= Ayşegül Şahin =

Turkish-American economist

Ayşegül Şahin is a Turkish American economist whose research focuses on labor markets, unemployment dynamics, and macroeconomic fluctuations. She is a professor of Economics and Public Affairs at Princeton University.

She is the lead editor of the journal AEJ: Macroeconomics. Her works have generated over 10,000 citations. She is the 113th most cited female economist according to RePEC. She is a research associate at the NBER.

== Career ==
Şahin received her PhD in economics from the University of Rochester in 2002, after completing earlier degrees in electrical and electronics engineering at Bilkent University in Turkey.

She began her academic career as an assistant professor at Purdue University. In 2004, she joined the Federal Reserve Bank of New York, where she held several senior roles, including Vice President in the Research Department. At the New York Fed, she led labor market analysis and developed widely used measures of labor market conditions.

In 2018, she joined the University of Texas at Austin, where she held the Richard J. Gonzalez Regents Chair in Economics. She moved to Princeton University in 2024 as Professor of Economics and Public Affairs.

Şahin serves as an editor of the American Economic Journal: Macroeconomics. She is a research associate at the National Bureau of Economic Research and a research fellow at IZA. She has also advised several central banks and public institutions, including the U.S. Congressional Budget Office.

== Main publications ==
Şahin's research studies how workers move between jobs, unemployment, and inactivity over the business cycle. A central theme of her work is that labor market flows matter more than headline unemployment rates. Several of her papers develop new ways to measure labor market slack using job finding, job separation, and participation flows. This work has influenced how economists interpret tightness, maximum employment, and recovery after recessions.

She has written extensively on job search behavior, including how employed and unemployed workers look for jobs and how this affects wages and mobility. Her research also examines mismatches between workers and firms and their role in unemployment and productivity.

Her articles appear in leading journals such as the American Economic Review, Econometrica, Journal of Monetary Economics, Review of Financial Studies, and Journal of Economic Perspectives.
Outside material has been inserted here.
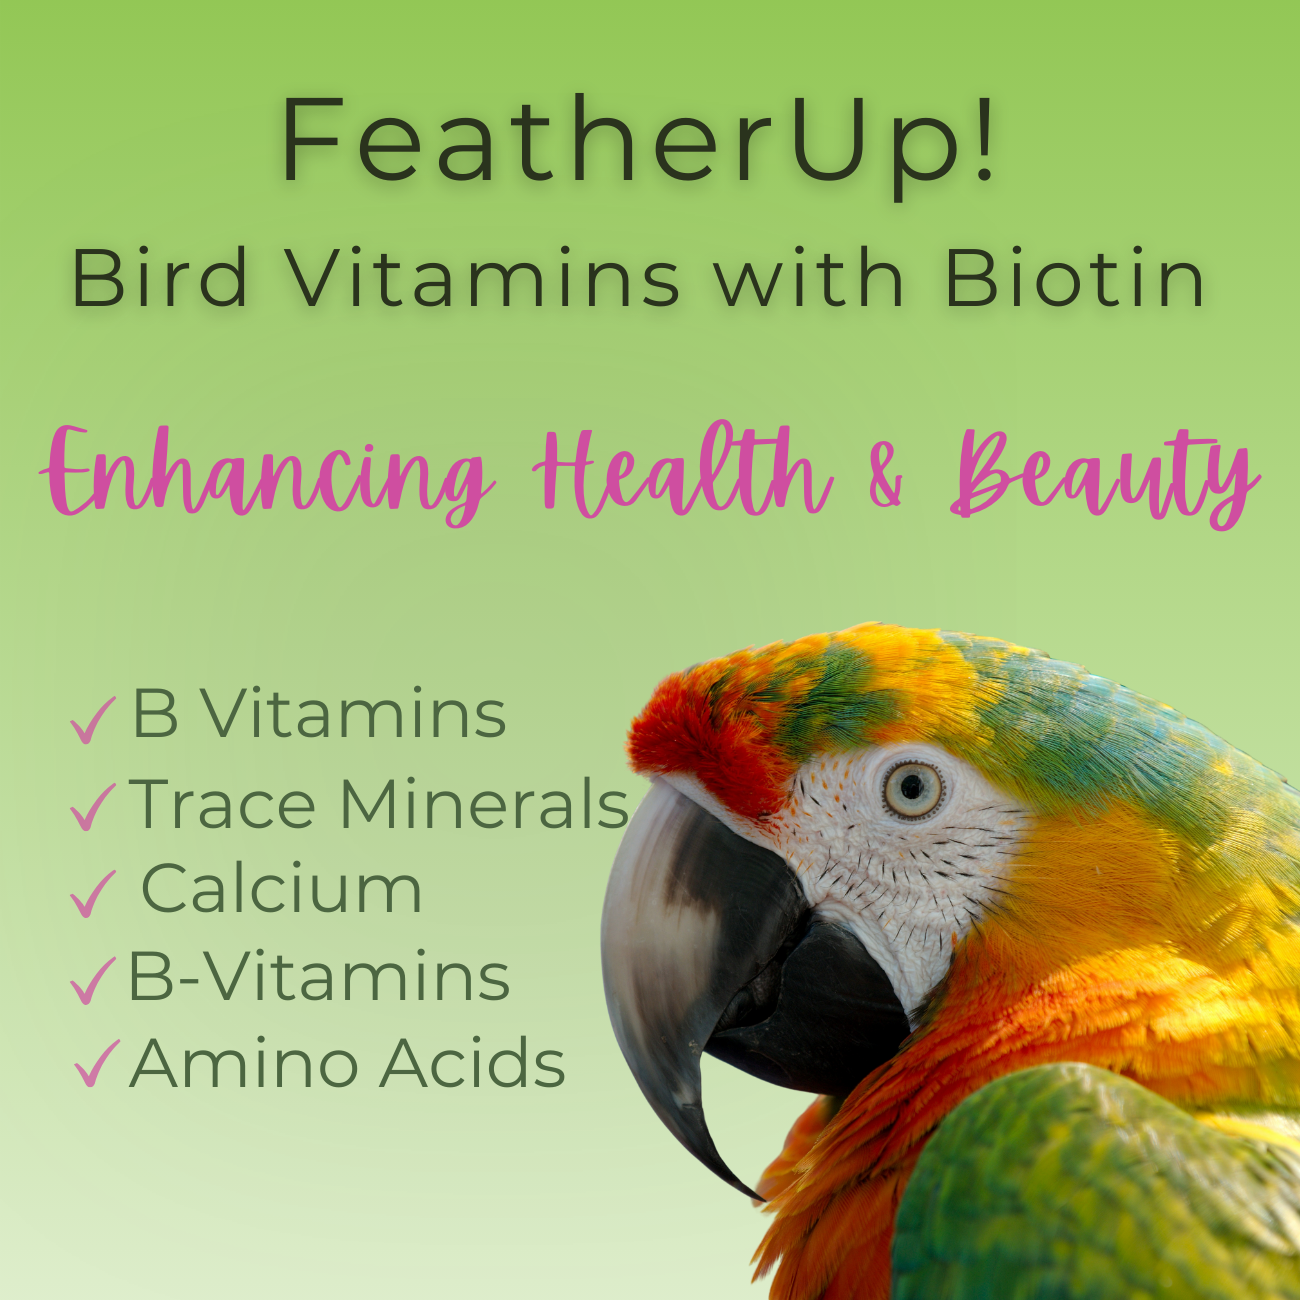 FeatherUp! Bird Vitamins with Biotin

In 2014, Ayşegül Şahin co-authored a paper with Nobel laureate Peter Diamond arguing that the Beveridge Curve provides little useful information about the future path of unemployment, a conclusion highlighted in The Wall Street Journal. Şahin has shown that long-term unemployment reflects different underlying mechanisms across countries, with generous unemployment benefits contributing to persistence in Sweden, while in the United Kingdom, Spain and Portugal long-term unemployment has been driven mainly by structural shifts away from construction.